The circuit 62 also includes a switch 72 for allowing a user to selectively activate and de-activate the motor 52. The switch 72 may protrude through an aperture 74 located on the front of the side wall 16, generally opposite to the input terminal 68, and may be connected to the circuit 62 following the insertion of the circuit 62 into the air inlet section 12. The switch 72 may be in the form of a depressible or rotatable on/off switch, or it may be in the form of a dial for allowing the user to vary the speed of rotation of the impeller 48. The circuit 62 may include a light emitting diode (LED) or other illuminating device for illuminating a portion of the side wall 16 which surrounds the switch 72 when the fan assembly 10 is switched on.

To operate the fan assembly 10 the user connects the input terminal 68 to the mains supply using the adapter, and presses the switch 72. In response, the circuit 62 activates the motor 52 to rotate the impeller 48. The rotation of the impeller 48 causes a primary air flow to be drawn into the air inlet section 12 through the air inlet 18. The primary air flow passes sequentially through the apertures 60 of the support 56 and through the motor and impeller unit 46 before passing through the open upper end 34 of the side wall 16 and into the air outlet section 14.

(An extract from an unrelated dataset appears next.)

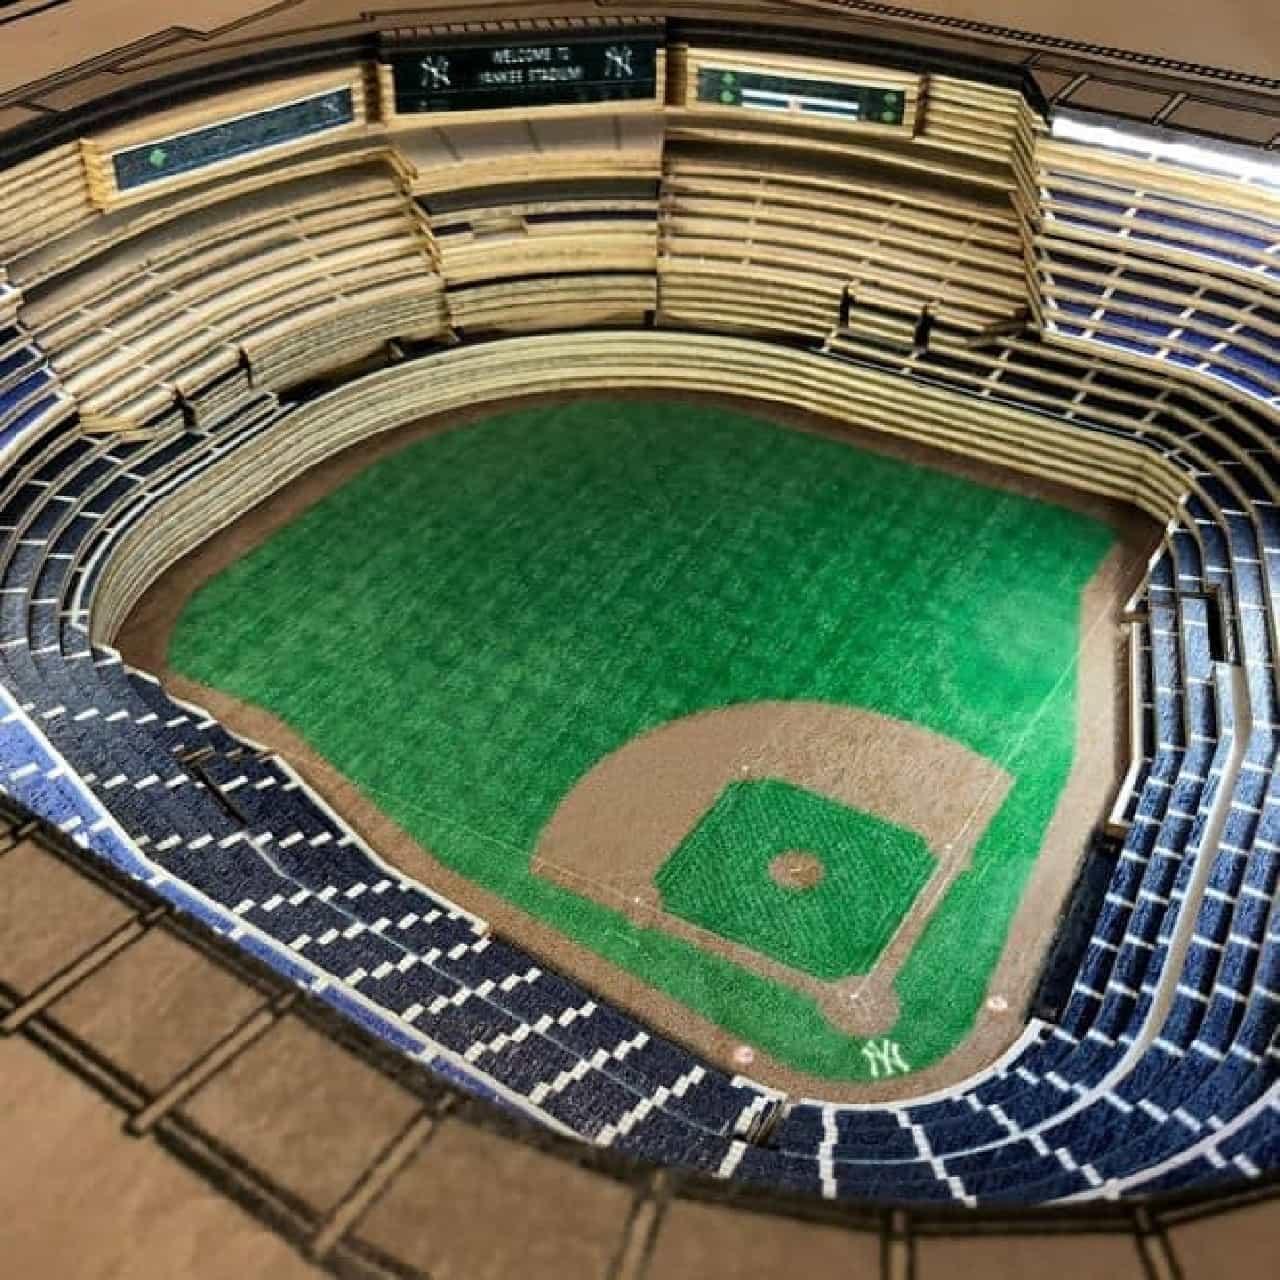 Football Stadium Lights End Table: MLB球場を模したサイドテーブル「Stadium Replica End Table」 [インターネットコム]

Within the air outlet section 14, the primary air flow is divided into two air streams which pass in opposite directions around the opening 26 of the air outlet section 14. As the air streams pass through the interior passage 32, air is emitted through the air outlet 20. The primary air flow emitted from the air outlet 20 is directed over the Coanda surface 36 of the air outlet section 14, causing a secondary air flow to be generated by the entrainment of air from the external environment, specifically from the region around the air outlet 20 and from around the rear of the air outlet section 14. This secondary air flow passes through the opening 26 of the air outlet section 14, where it combines with the primary air flow to produce a total air flow, or air current, projected forward from the air outlet section 14.